### Problem to work on:
An exact copy of all the data is needed, with every picture left out.

### Input data:
- - -

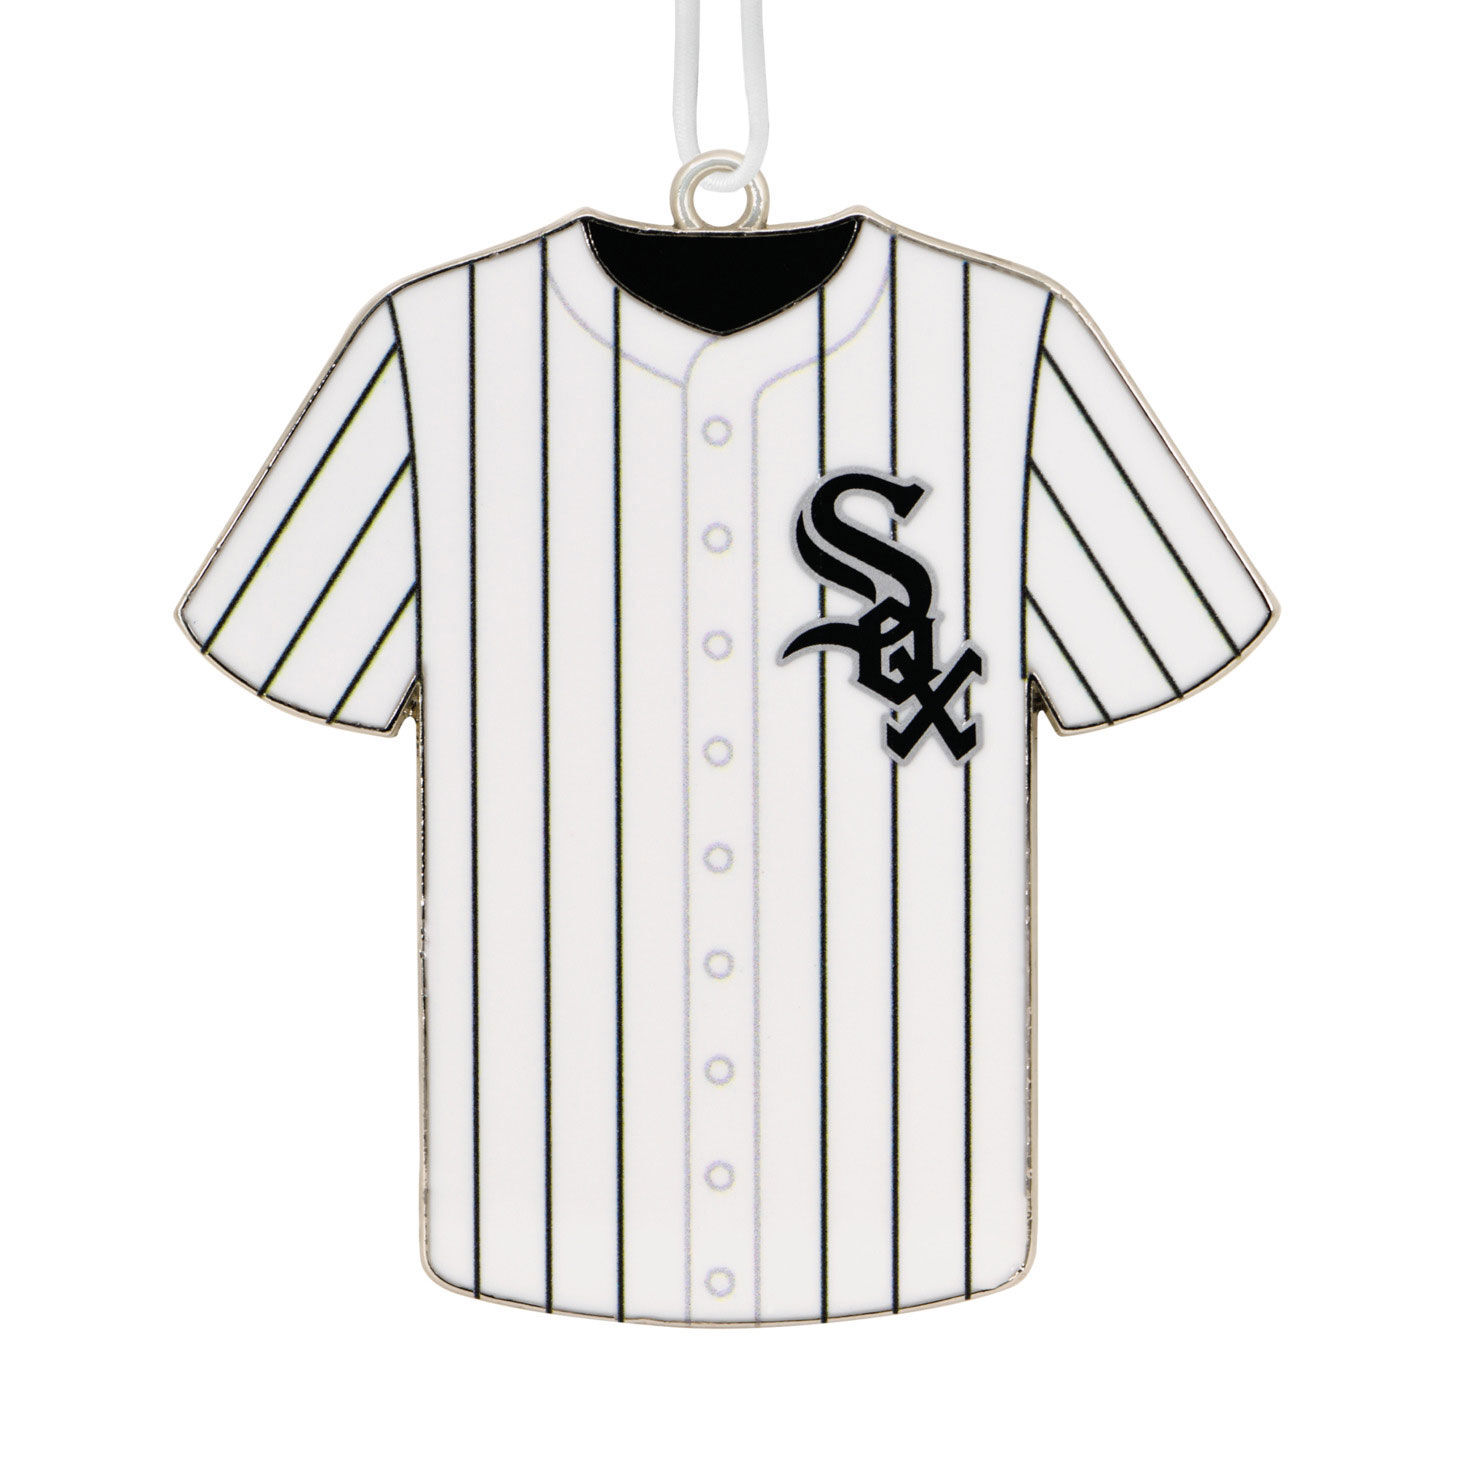 white sox baseball jersey
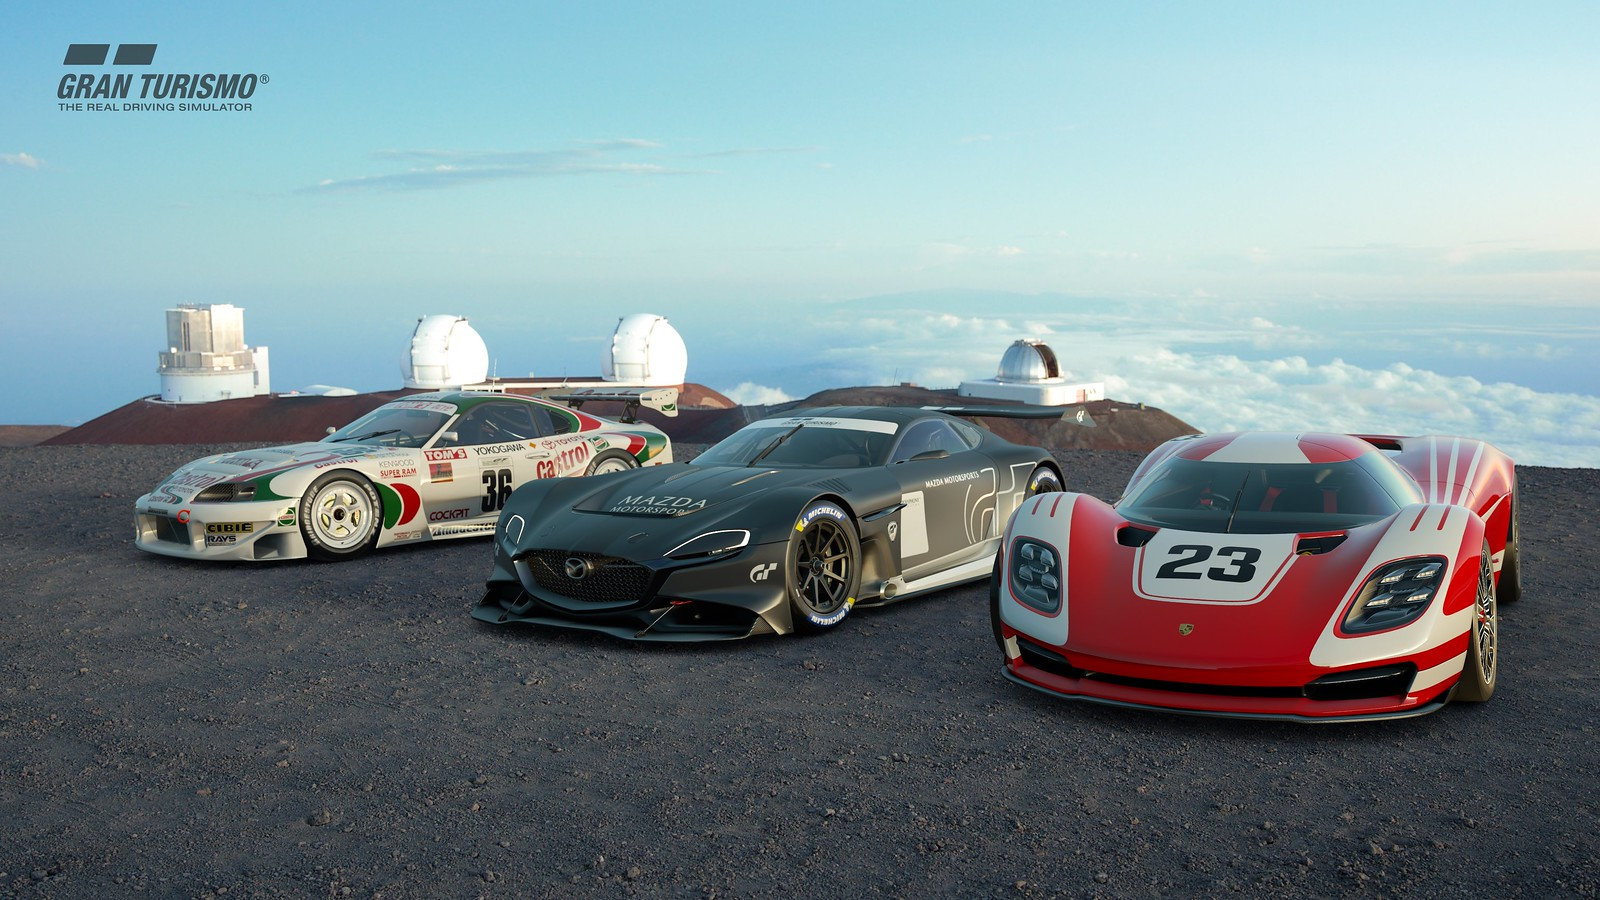 Gran Turismo 7: revelados os bônus de pré-venda e as edições do
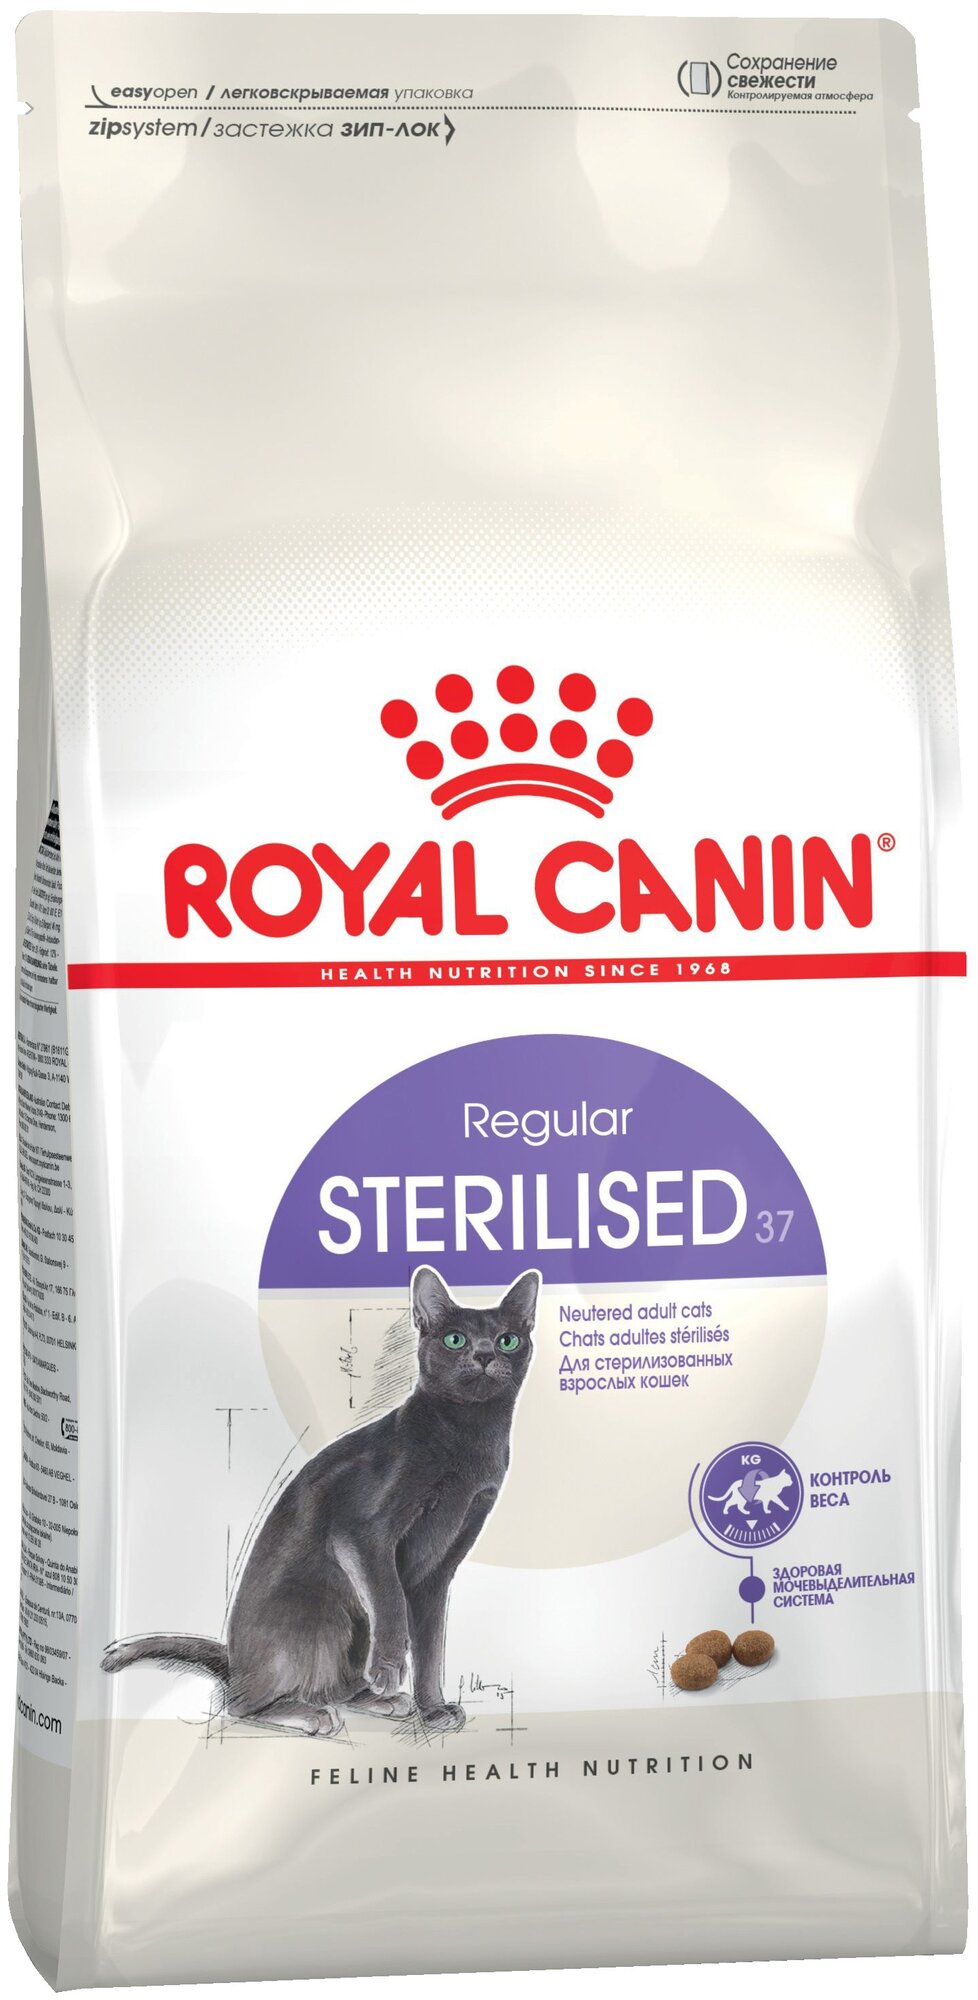 Royal Canin Sterilised для стерилизованных кошек и кастрированных котов Курица, 1,2 кг.

- - -

### Solution to this task:
 white sox baseball jersey
 Gran Turismo 7: revelados os bônus de pré-venda e as edições do
 Royal Canin Sterilised для стерилизованных кошек и кастрированных котов Курица, 1,2 кг.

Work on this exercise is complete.